Un originale trattato di micologia.
Che cosa io mi aspettassi mai iniziando questa lettura, non saprei dirlo. Anzi no, non è vero, lo so che cosa mi aspettavo, e devo dirlo con sincerità: mi aspettavo una storia romantica; una lettura di qualità ma romantica.Che cosa ho mai trovato? una romanticheria poeticheria davvero insipida e per giunta inutile, del tutto gratuita. Ma il libro gratuito non lo era: quattroerotti euro buttati. Non parla d'amore perché la storia è troppo banalizzata e appiattita.
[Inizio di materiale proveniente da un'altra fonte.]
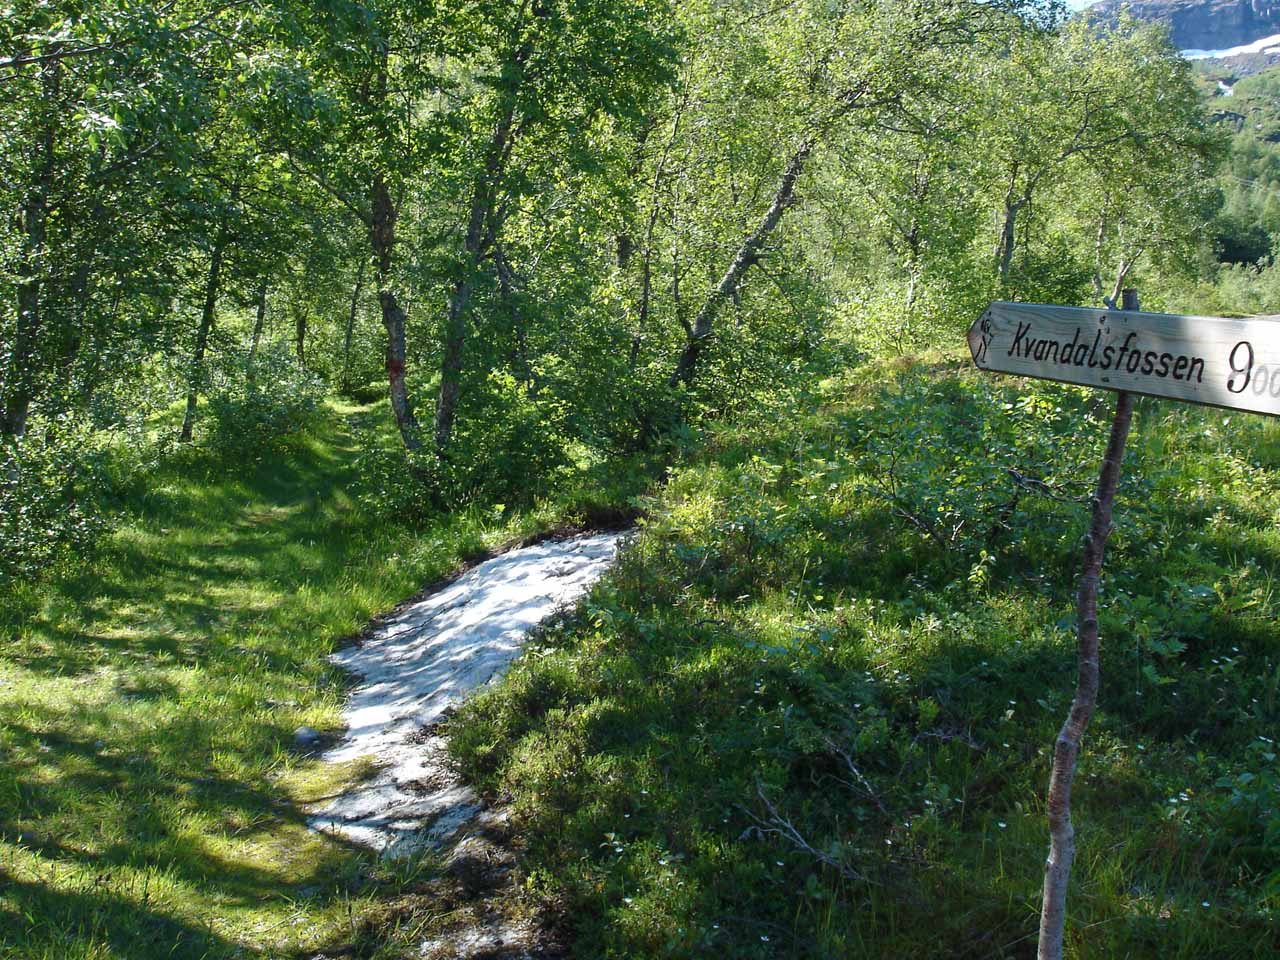 The Kvanddalsfossen sign at the trailhead

Non parla della formazione dello scrittore perché nulla viene detto di quello che il protagonista ha studiato, si riportano solo spezzoni dei suoi scritti dove di solito c'è un uomo che scrive di un uomo che scrive, per cui il giochino di specchi tende a ripetersi e a stancare molto presto. Non è un vero flusso di coscienza sebbene si tenda a dare un certo rilievo a sogni, visioni e fantasticherie.
Il guaio è che non sono riuscita ad individuare la chiave di lettura di questo coso: è da prendersi seriamente? È da leggere come fiaba? Vuole essere prosa o lirica? Zuppa o pan bagnato?
Ho provato a sottolineare qualche frase per vedere l'effetto che fa. "Oh, l'amore è una notte d'estate con in cielo stelle e profumi sulla terra". Oh, che originalità.
"Ahimè, l'amore rende il cuore dell'uomo una fungaia, un giardino lussureggiante e insolente dove crescono impudenti funghi misteriosi": le infermiere del reparto di oncologia, l'anno scorso, erano più sincere e candidamente me lo chiamavano "buzzone" o "bognone". Ma in effetti la definizione di "impudente fungo misterioso" mi può tornare buona in più contesti: per indirizzare fungaioli sprovveduti verso il crinale dove crescono le amanite, oppure per darmi un tono quando rientrerò in corsia. Una stella per avermi dato un (uno!) suggerimento valido.